(record = record) inconsistent with record_eq(arg1, arg2)
hi.
pg15: https://dbfiddle.uk/3_GxPdj4
not sure if it's a bug or I misunderstood.
select row(1,null::int) = (1,1::int); -- return null
select record_eq(row(1,null::int),(1,1::int)); --return false.
On Monday, July 31, 2023, jian he <jian.universality@gmail.com> wrote:
hi.
pg15: https://dbfiddle.uk/3_GxPdj4
not sure if it's a bug or I misunderstood.select row(1,null::int) = (1,1::int); -- return null
select record_eq(row(1,null::int),(1,1::int)); --return false.

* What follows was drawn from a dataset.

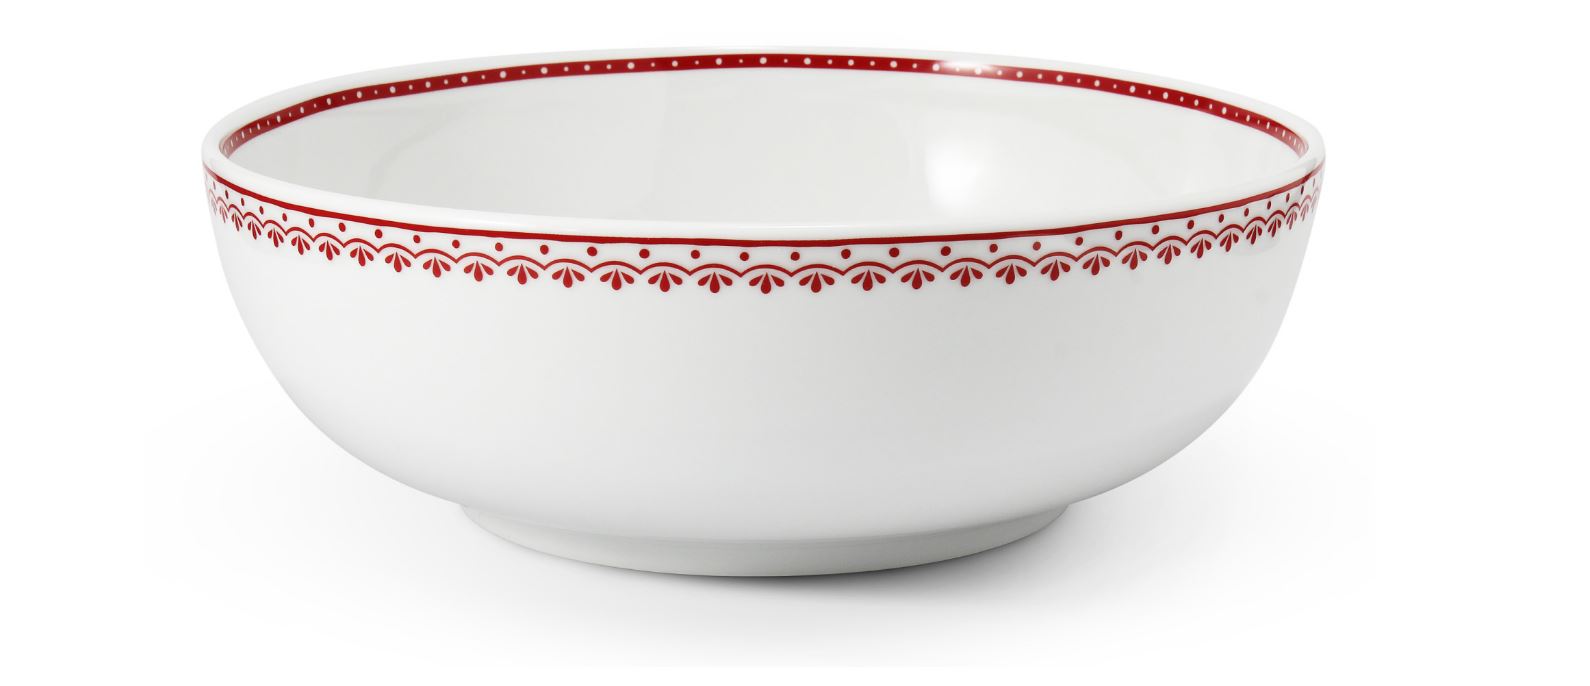 Mísa salátová, 30 cm, český porcelán, Hyggeline, červená, Leander

This isn’t a bug though I can’t point to the exact code where the
difference manifests.
The SQL standard mandates the query behavior of the equals operator while
internal indexing and hash details require that the equality function not
return null.
Calling record_eq directly in SQL is unsupported so the claim that the
second query is buggy is incorrect altogether. We don’t promise any
particular result to the user in that situation, and could indeed remove
the function and the query could produce an error and we’d be technically
bug-free.
David J.
"David G. Johnston" <david.g.johnston@gmail.com> writes:
On Monday, July 31, 2023, jian he <jian.universality@gmail.com> wrote:
select row(1,null::int) = (1,1::int); -- return null
select record_eq(row(1,null::int),(1,1::int)); --return false.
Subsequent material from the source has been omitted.